I shut the door of her Jeep and gestured toward the front of the prison. “Let’s go.”

We crossed the asphalt side by side, heading toward the monstrous monument of security. Earth-brown sandstone and concrete formed the towering facility walls beyond the double barbed wire fences.

Women in beige jumpsuits huddled in groups in the dismal yard. The asphalt inside the fences was crumbling, dead weeds poking up through the cracks.

Sloane stopped suddenly on the sidewalk. “Why are you here?” she asked again.

“You already asked me that,” I reminded her.

She shook her head, sending that thick, blond ponytail swinging. “Fine. It’s Wednesday. Why aren’t you ruling the corporate world? And you can’t stand me, so what does it matter to you if I screw up this partnership with my friends? I’d think you’d be happy to watch me crash and burn.”

“If you manage to make a mess of things, there’s a chance you could be essentially setting your friends’ money on fire. More importantly, there’s a woman behind those walls who might suffer because of it.”

She closed her eyes and took a breath. “You’ve buried and forgotten so many things, I just assumed you were over that as well.”

She was wrong.
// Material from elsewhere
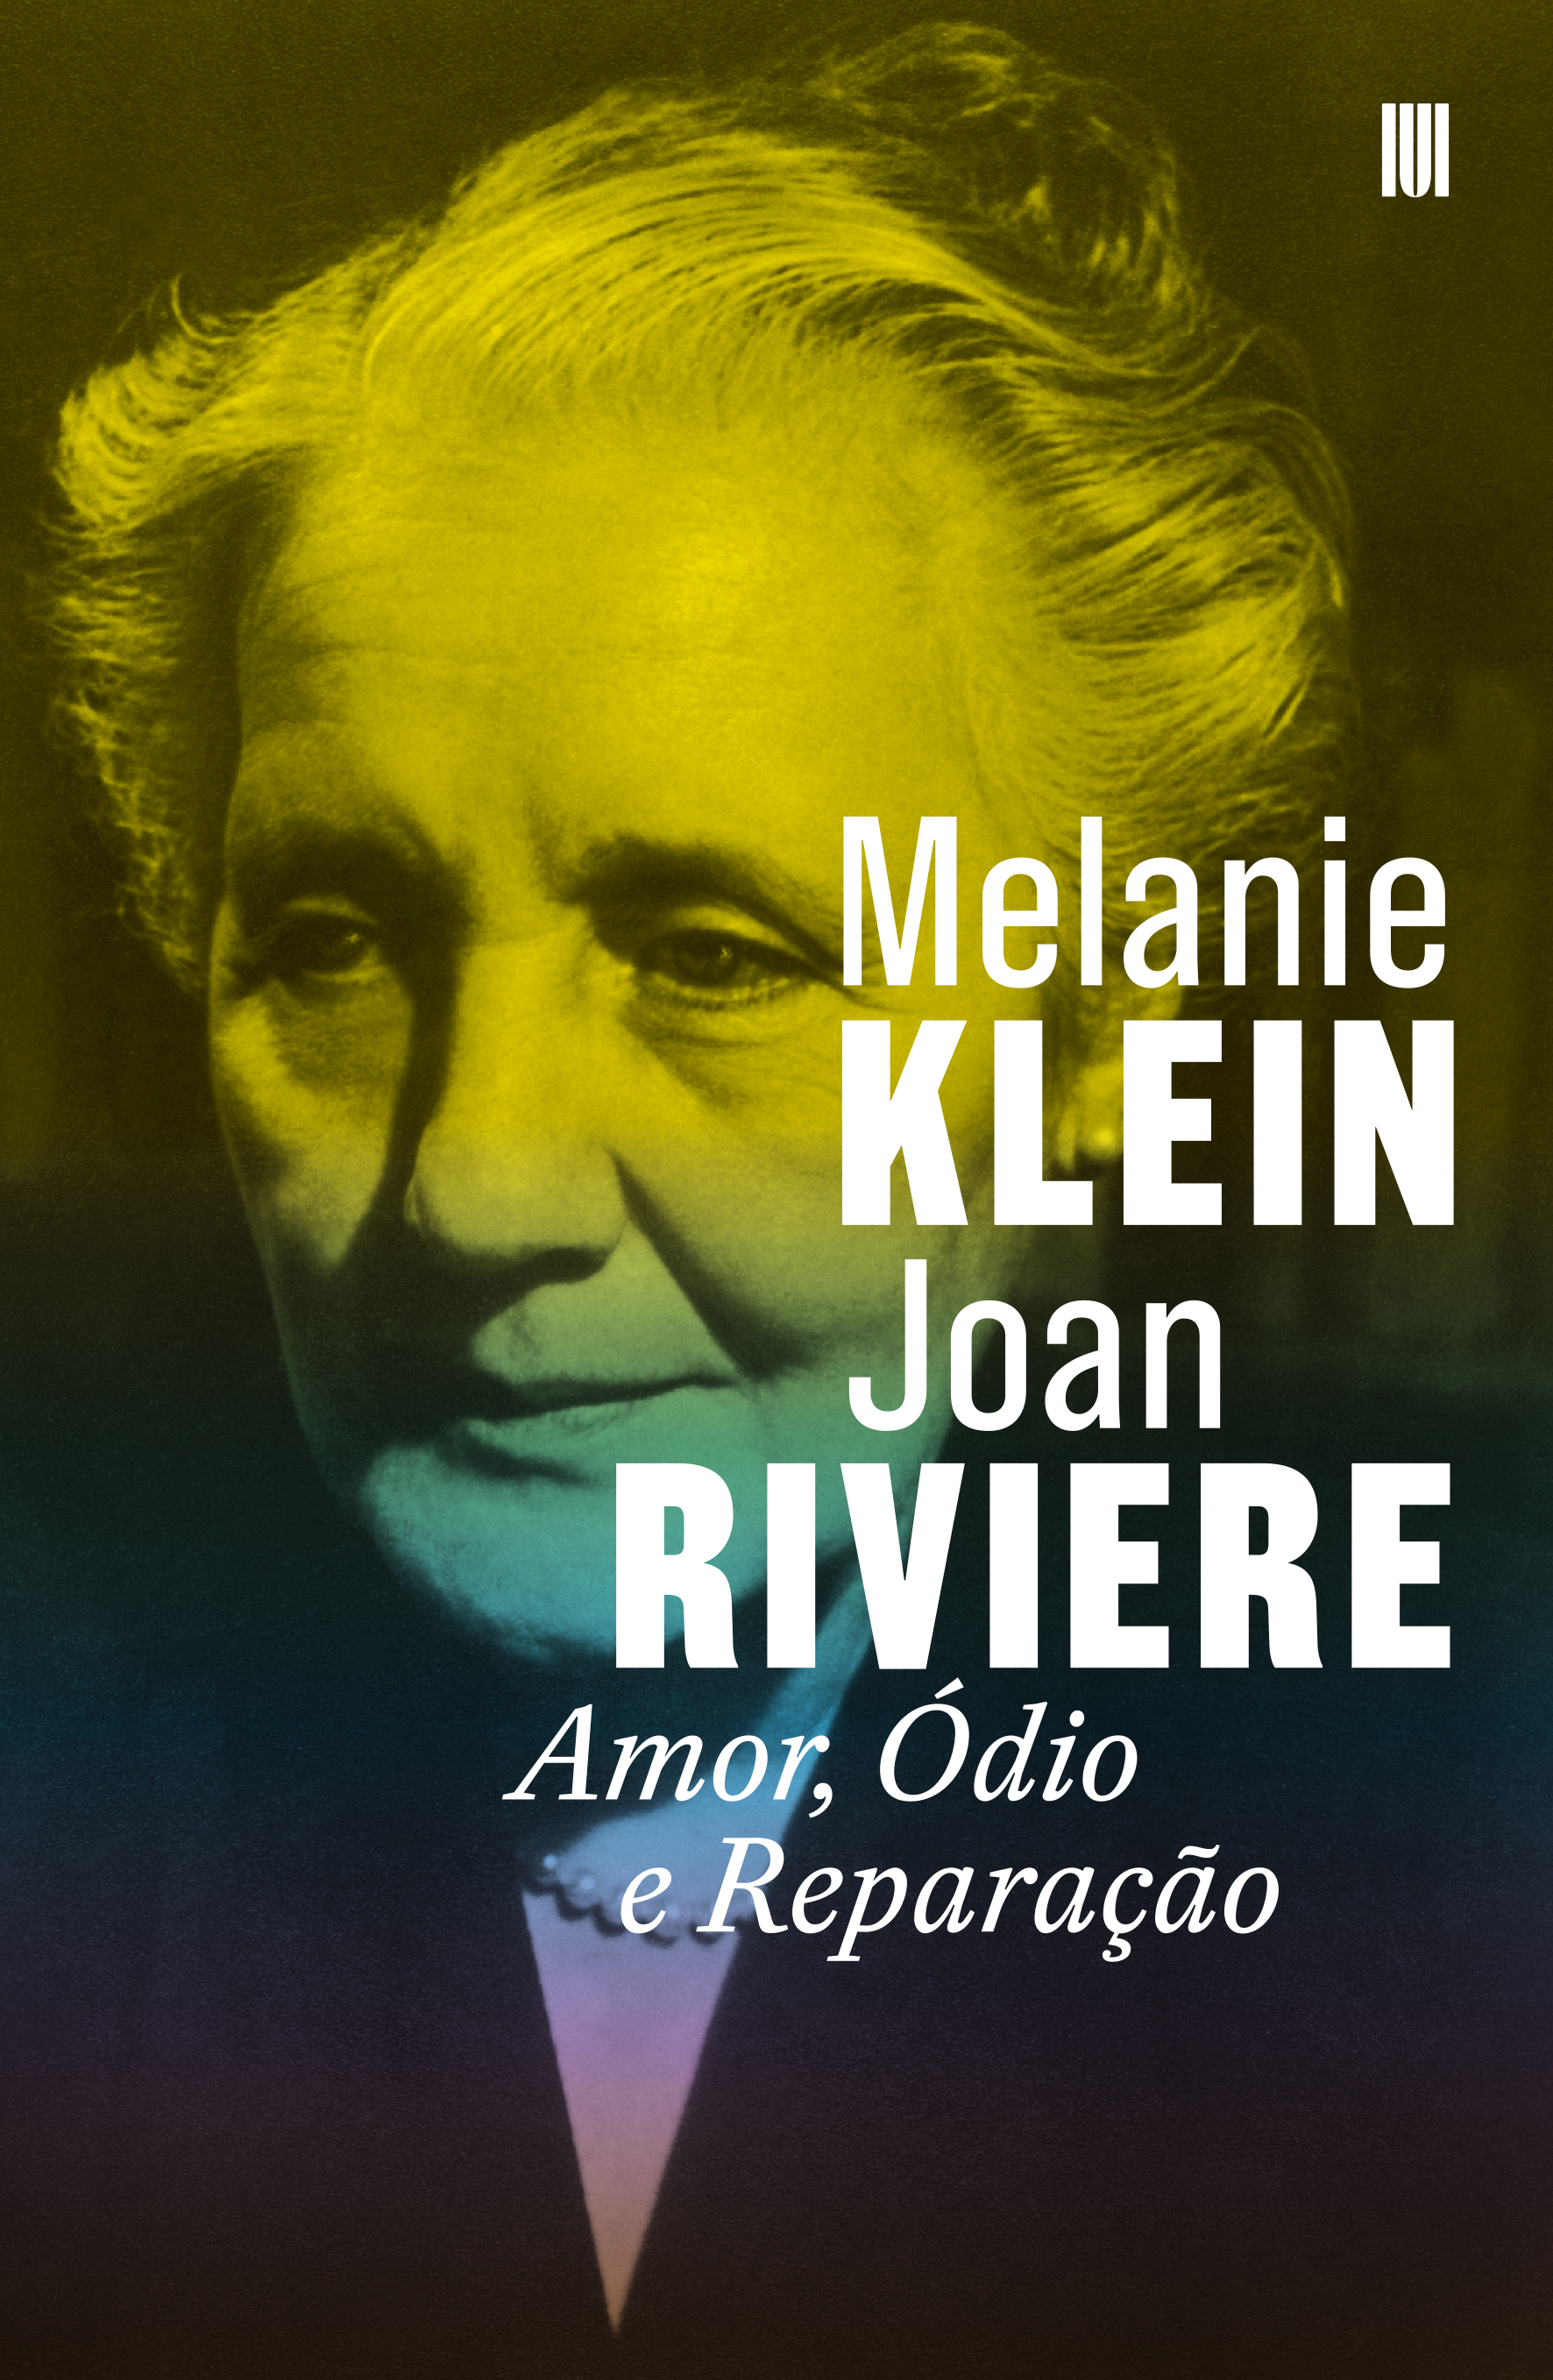 Amor, Ódio e Reparação, de Melanie Klein e Joan Riviere

I’d buried and forgotten nothing. Instead, I’d used it all as fuel.

“There are some things we never get over. Some things we hide from the light,” I said, patting my pocket only to remember I’d left my cigarette in the car.

Sloane lifted her gaze to the heavy gray clouds and wrinkled her nose. Her stud was a pale pink today. “I take it you used your creepy spy network to dig into Mary Louise’s case,” she guessed.
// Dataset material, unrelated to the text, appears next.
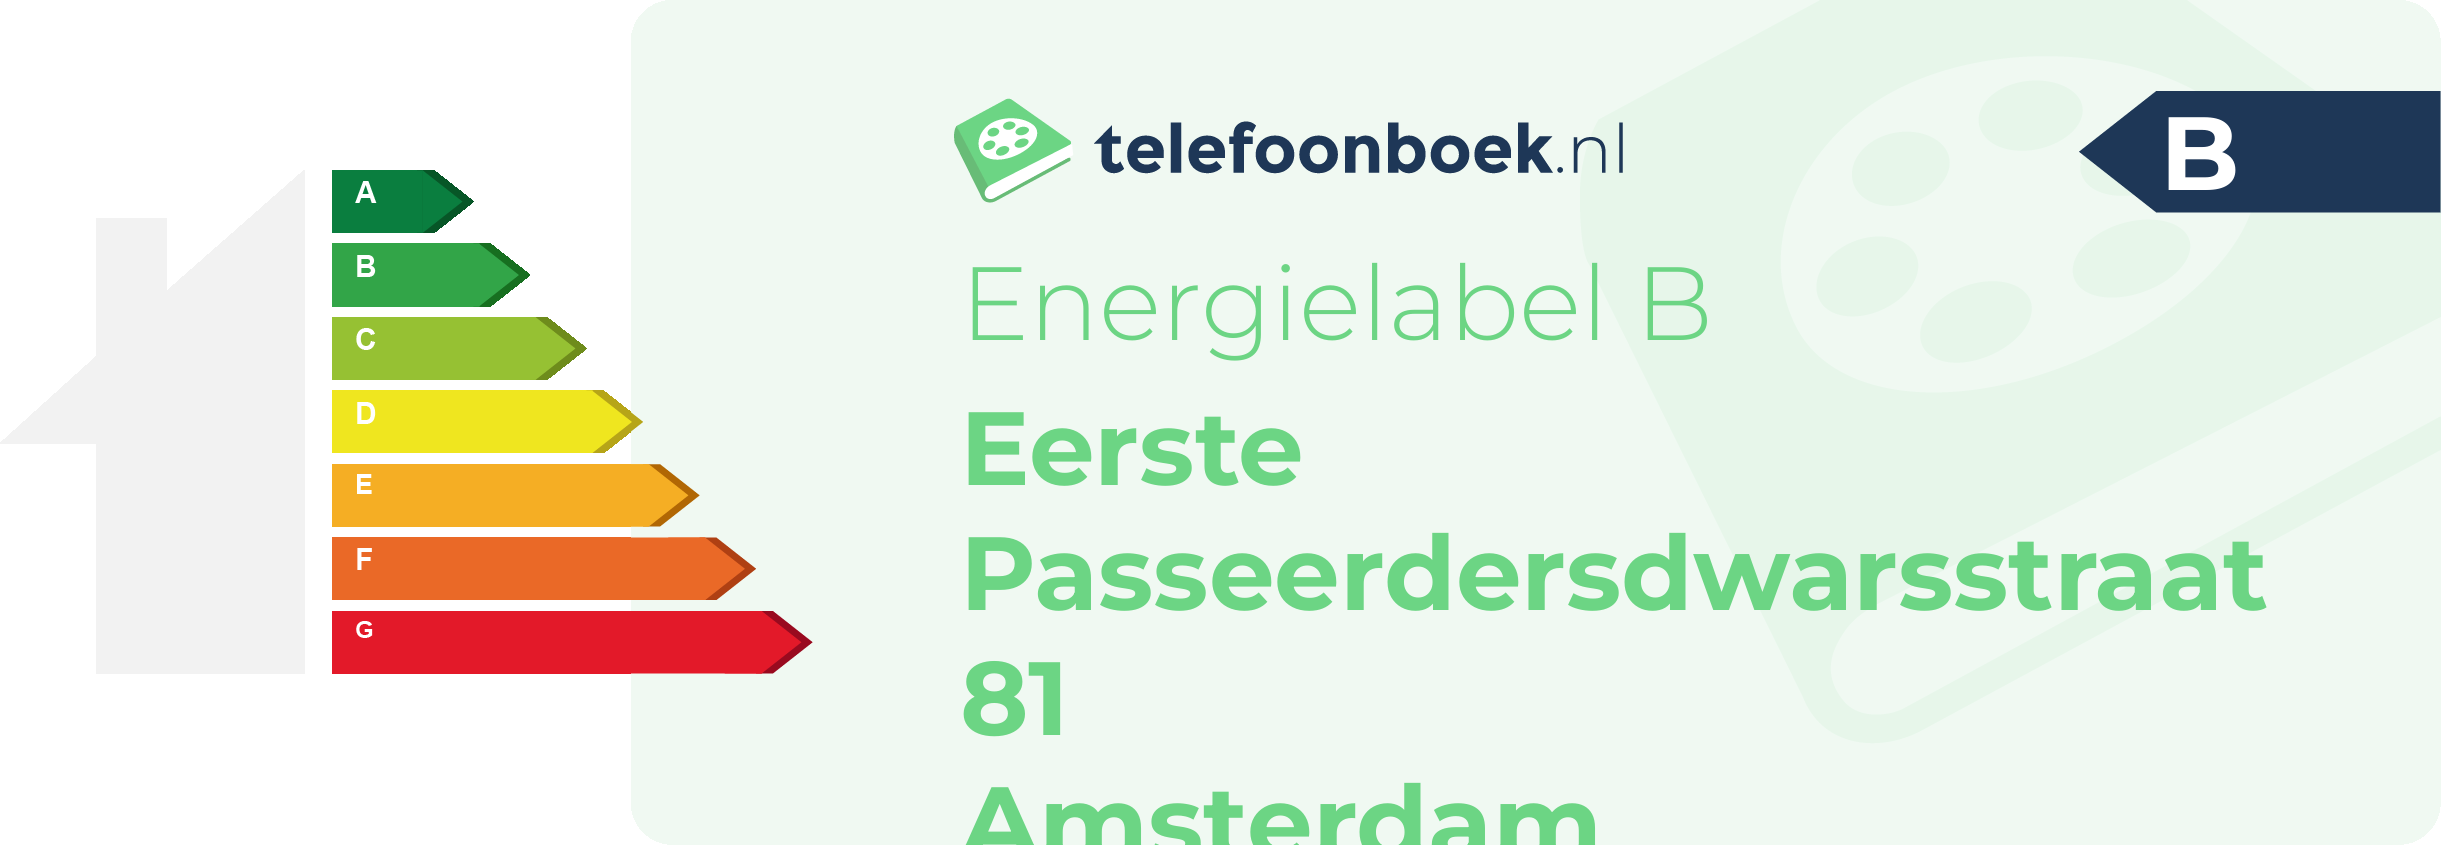 Energielabel Eerste Passeerdersdwarsstraat 81 Amsterdam

“I may have glanced at some files.”

My team had done a fast, deep dive, and I’d managed to pore over their findings between everything else I’d had to do today. By all accounts, Mary Louise Upshaw was a model prisoner who used her time inside to earn two degrees and start a creative writing program for her fellow inmates. My own legal counsel had reviewed her sentence and found it “absolute bullshit.” Which meant the justice-seeking Sloane was probably about to have her heart shattered.
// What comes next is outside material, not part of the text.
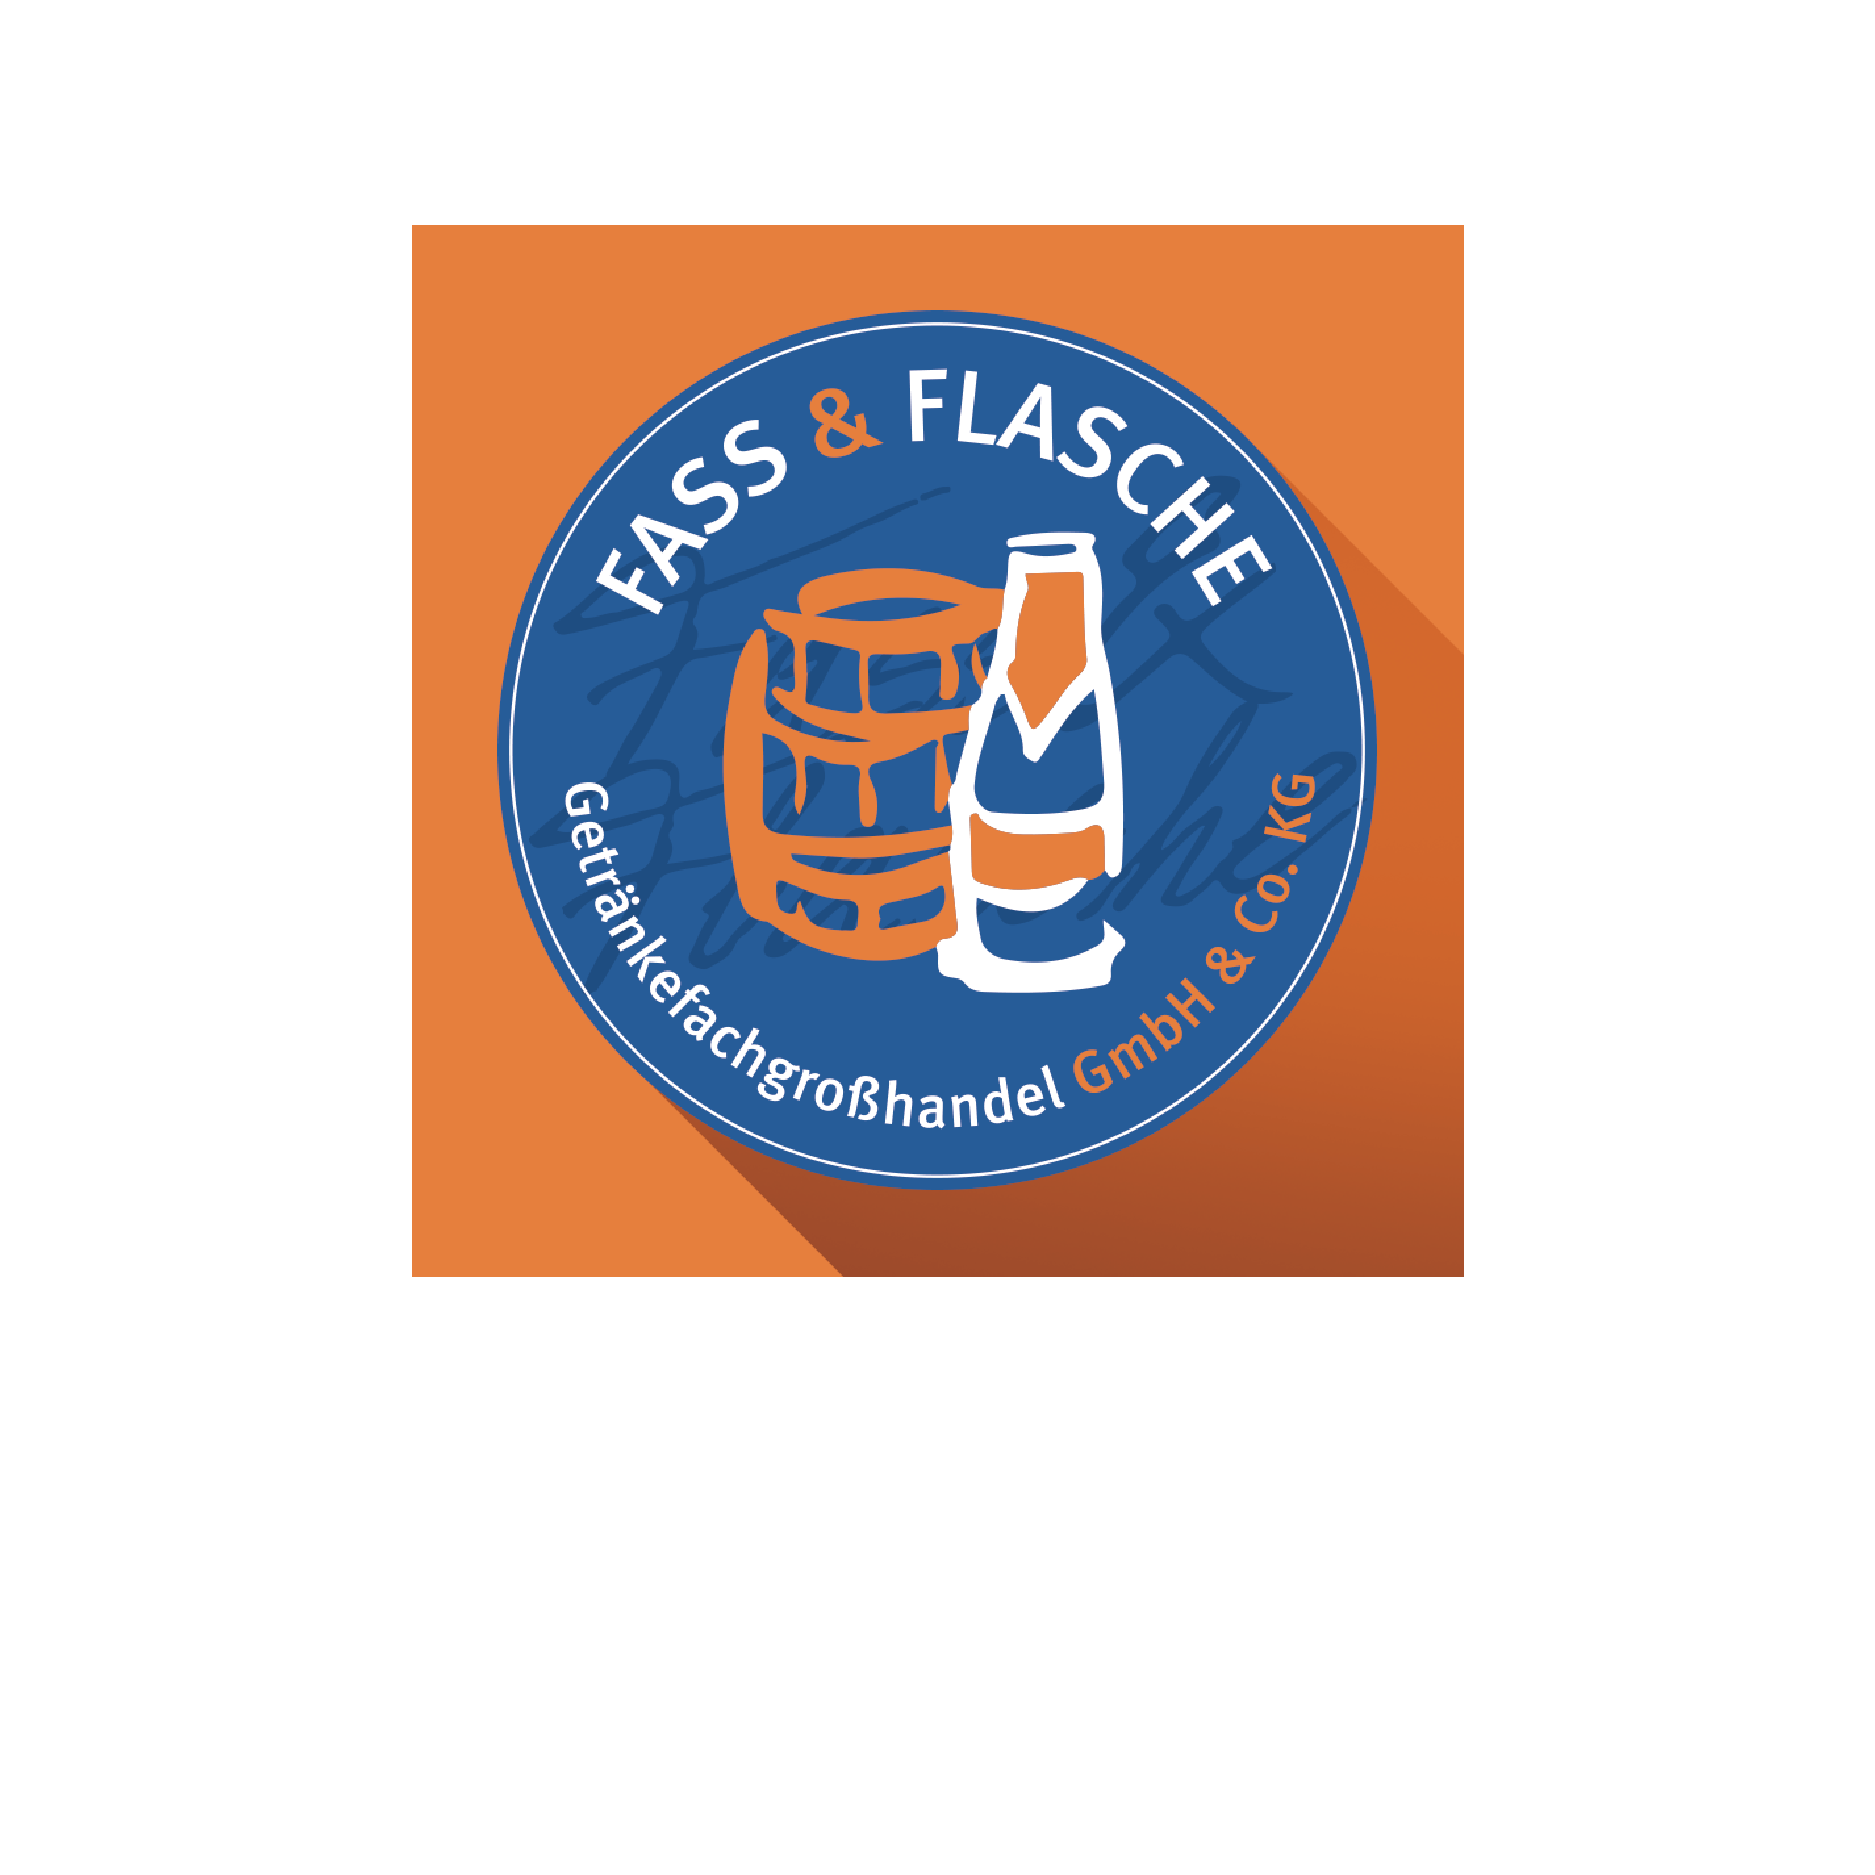 Fass-flasche-Empfehlungen-1x1.png

“So you think we might have a case,” she pressed.

“I think a lot rides on what she has to say,” I hedged.



The visitation room was more depressing than I’d anticipated. There were two rows of scarred folding tables sandwiched between cracked and faded vinyl chairs. The industrial tile floor was stained and peeling. Some of the ceiling tiles were missing between flickering fluorescent lights. There was something that looked suspiciously like mold climbing the walls under the glass block windows.

Sloane was clicking her pen and gnawing on her lower lip, her eyes wide behind her glasses. With a sigh, I gripped the back of her chair and pulled it and her into my side.

She stopped clicking her pen and frowned up at me. She’d always had that little line between her eyebrows that deepened when she was deep in thought…or pissed off at me. I wanted to run my finger over it.

“There’s nothing to be afraid of,” I told her.